A high-precision, appearance-based gaze tracking system enabling real-time, hands-free human-computer interaction using deep learning, geometric modeling, and personalized calibration.
This project implements a complete end-to-end gaze estimation pipeline, from camera calibration and gaze vector prediction to personalized screen mapping and gesture-based interaction. The system is evaluated across multiple generations of gaze estimation benchmarks, demonstrating strong performance compared to both historical and modern appearance-based gaze estimation models.
The system operates using standard RGB cameras under real-world conditions.
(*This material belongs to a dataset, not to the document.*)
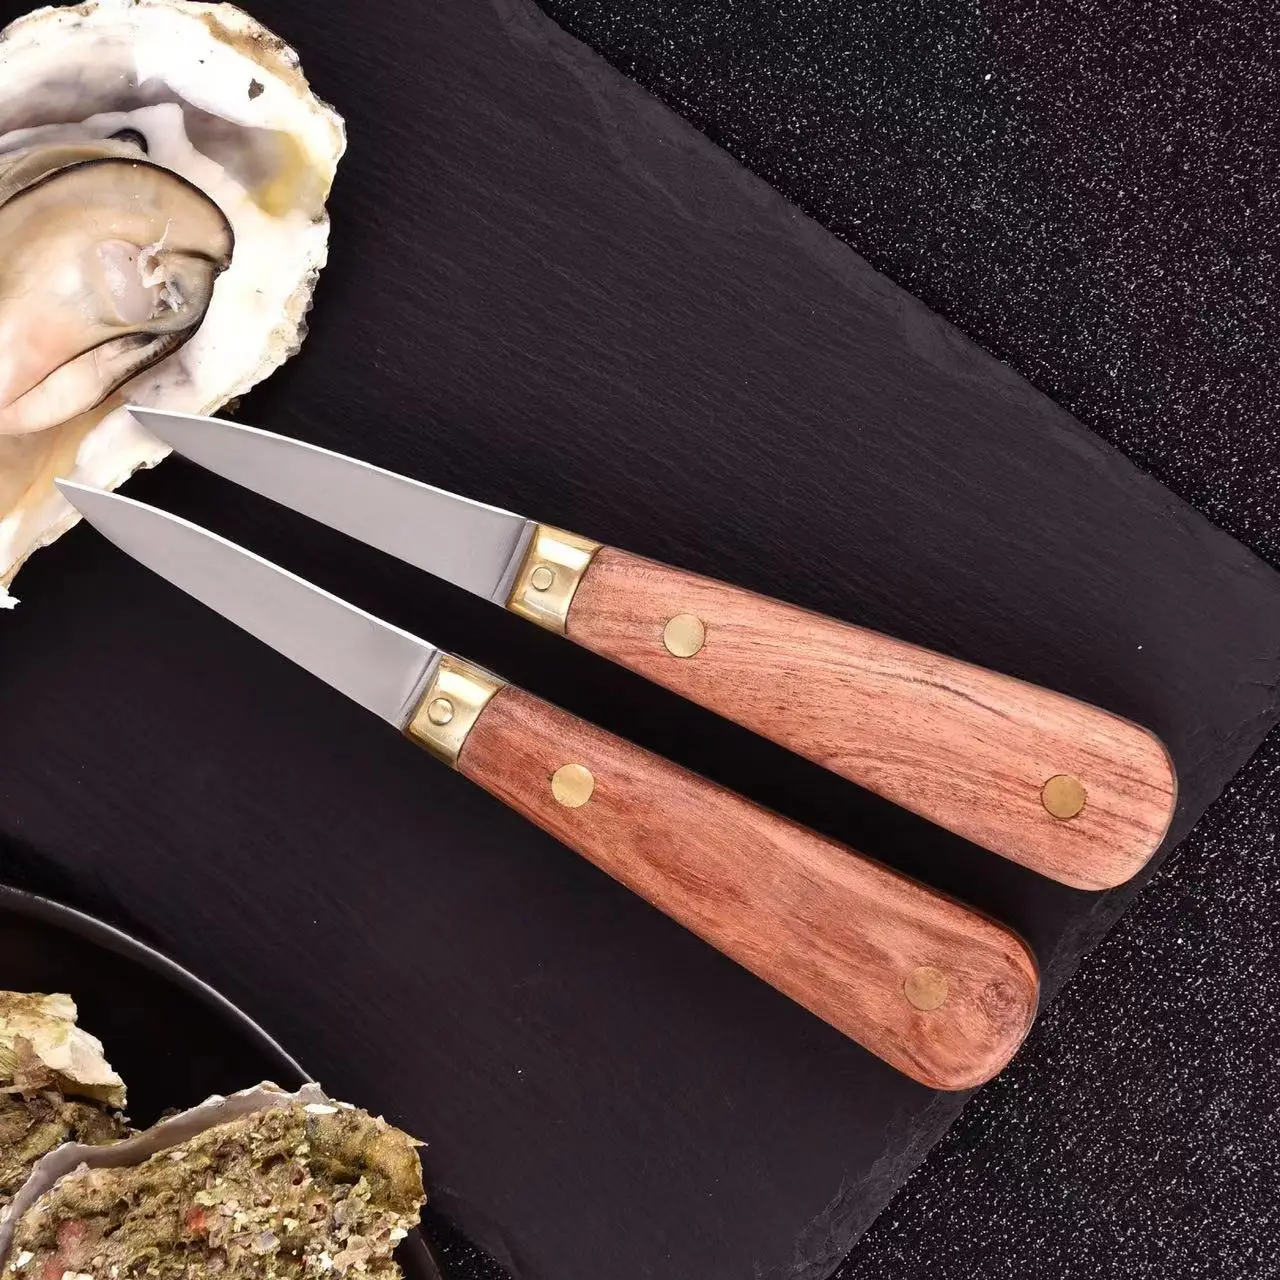 Stainless Steel Wood Handle Seafood Tools Handmade Shucking Oyster Knife and Opener For Shrimp Lobster oyste Shucking Knife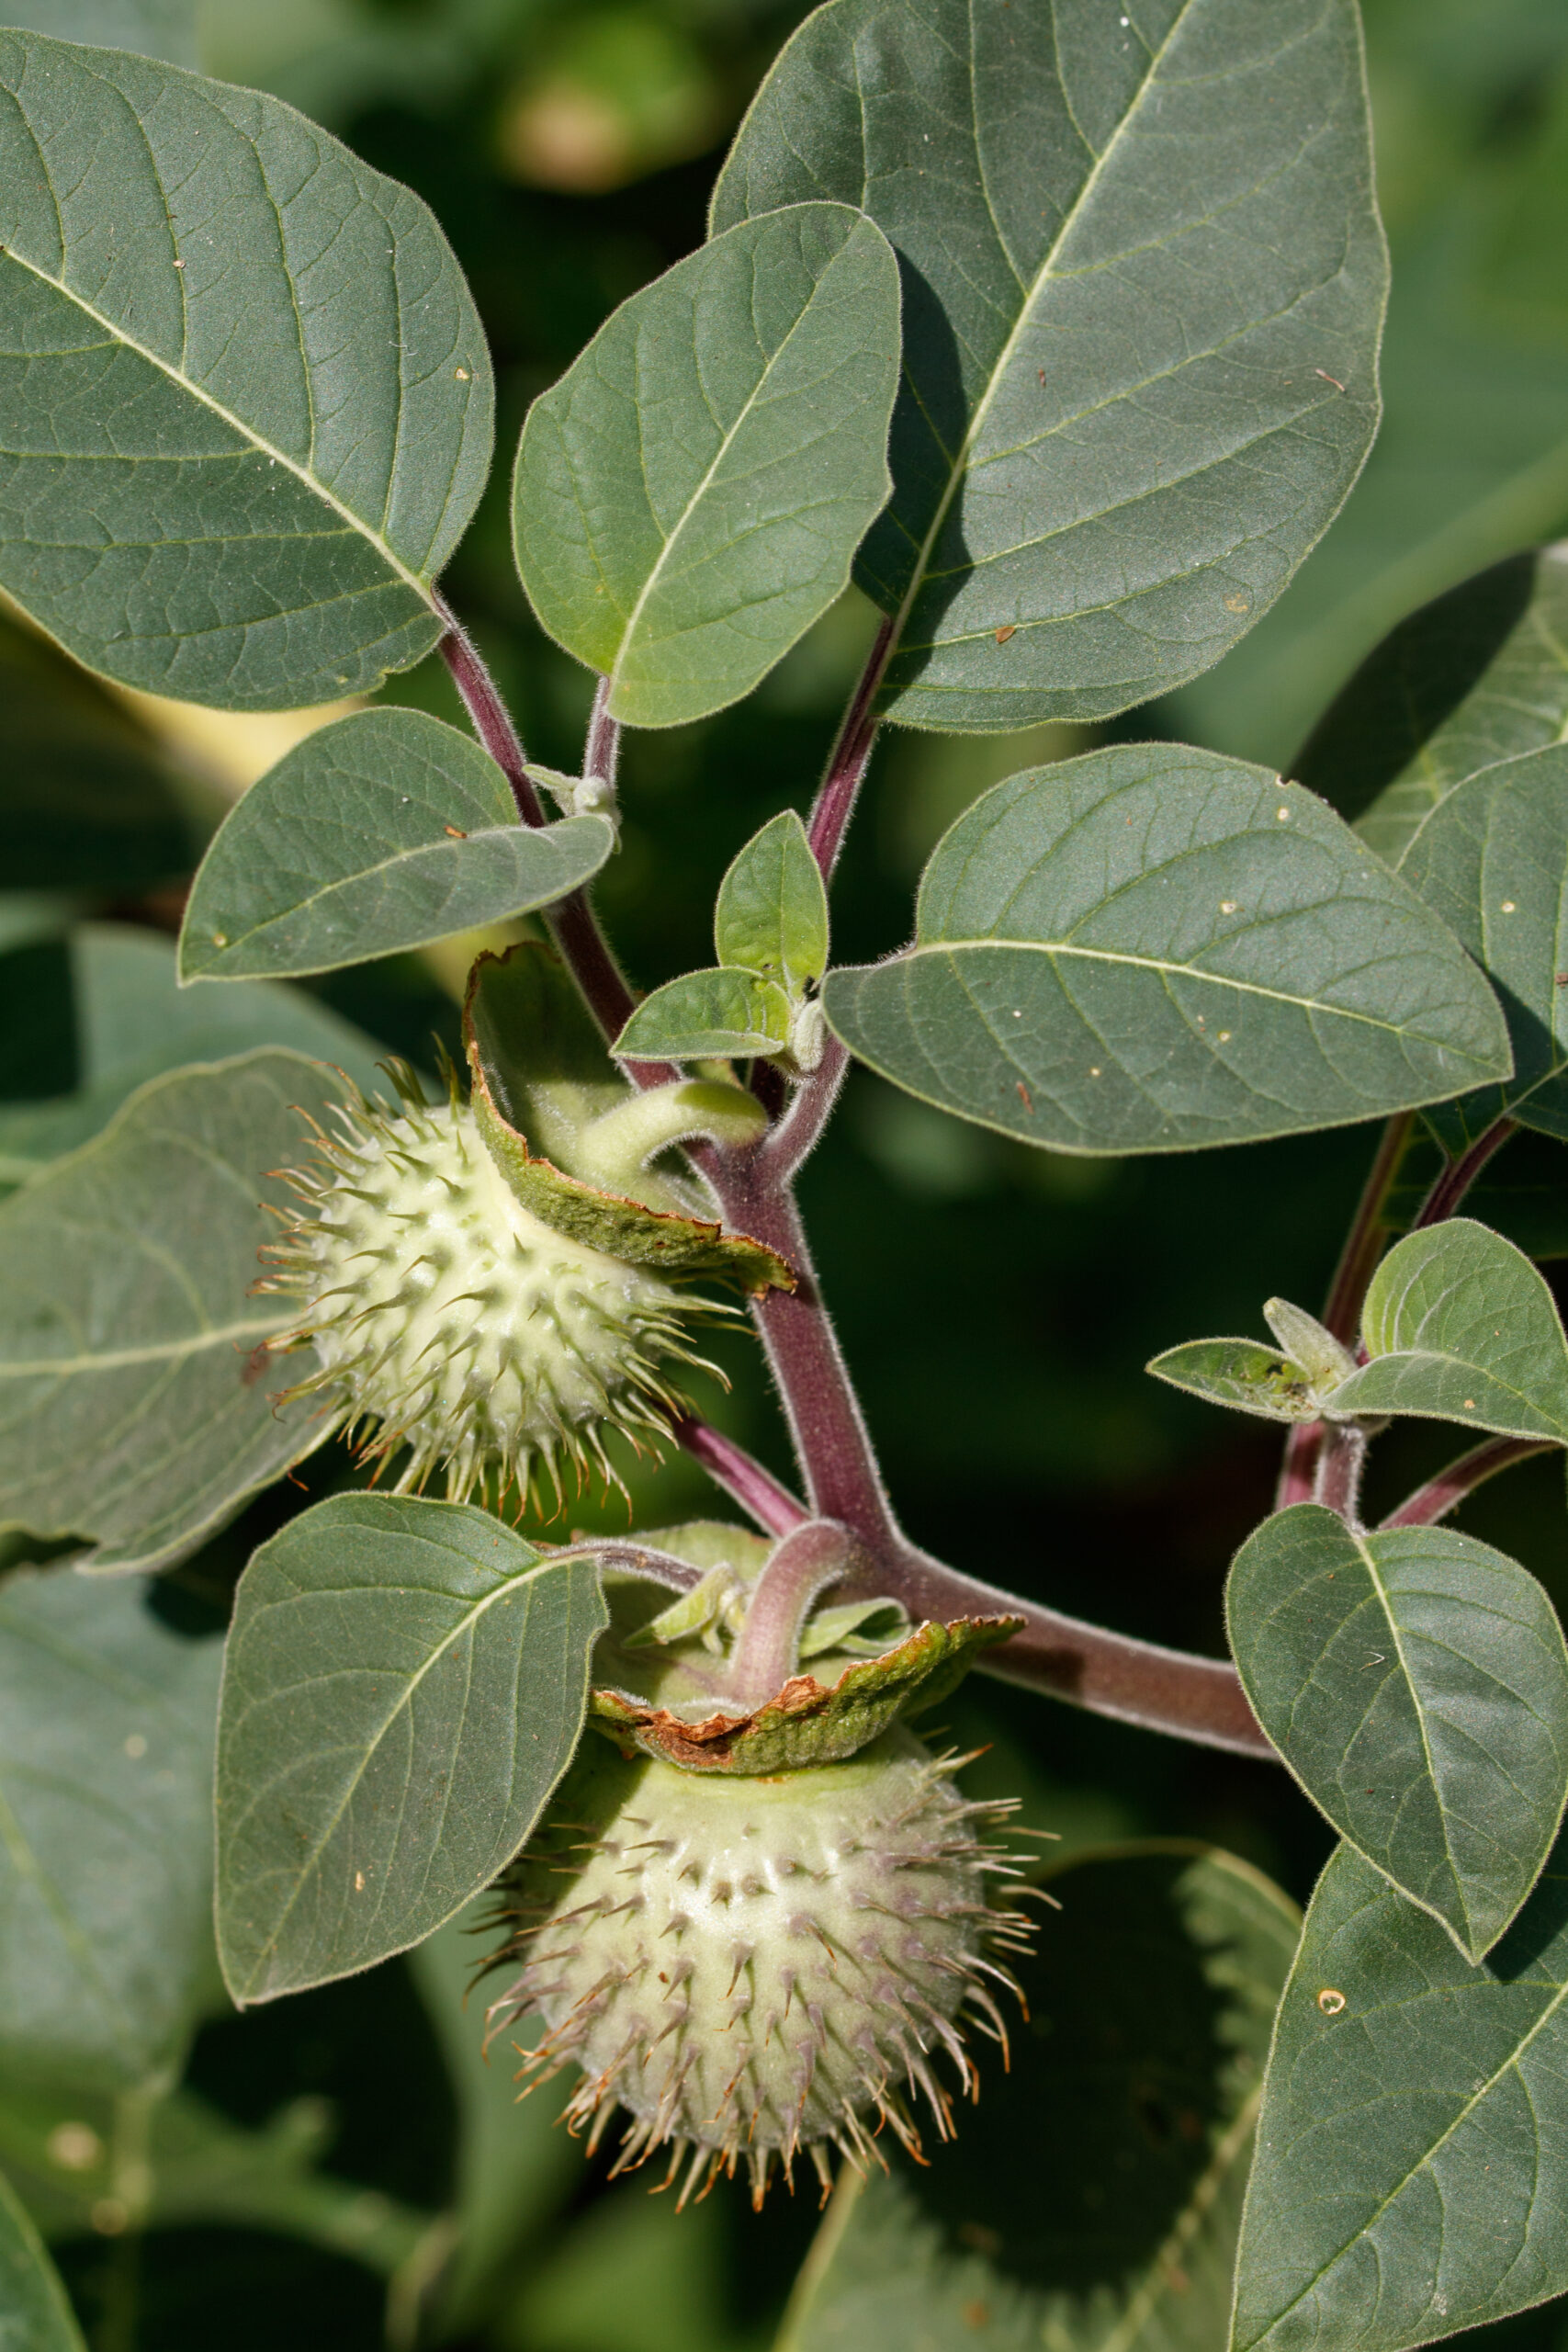 Spiny, spherical seed pods are forming among the green leaves of this datura plant.

• Appearance-based gaze estimation using a custom CNN architecture
• End-to-end gaze tracking pipeline
• Personalized calibration via regression mapping
• Real-time inference and interaction
• Facial gesture recognition for hands-free control
• Gaze-controlled virtual keyboard
• Dynamic gaze heatmap visualization
• Modular and extensible architecture
The pipeline consists of four main stages:
-
Camera Calibration
Computes intrinsic camera parameters for accurate geometric modeling. -
Gaze Vector Estimation
A convolutional neural network predicts the 3D gaze vector from facial appearance. -
Personalized Screen Mapping
A regression model maps gaze vectors to screen-space coordinates. -
Interaction Layer
Enables real-time hands-free interaction using gaze and facial gestures.
Pipeline summary:
Camera → Face Detection → Eye Extraction → CNN → Gaze Vector → Regression Mapping → Screen Coordinates → Interaction
The gaze estimation model is a custom convolutional neural network designed for appearance-based gaze prediction under unconstrained real-world conditions.
Architecture visualization:
The architecture was designed to:
• Extract robust gaze features from eye and facial appearance
• Generalize across users and lighting conditions
• Enable stable and accurate gaze vector prediction
Architecture diagrams were generated using PlotNeuralNet.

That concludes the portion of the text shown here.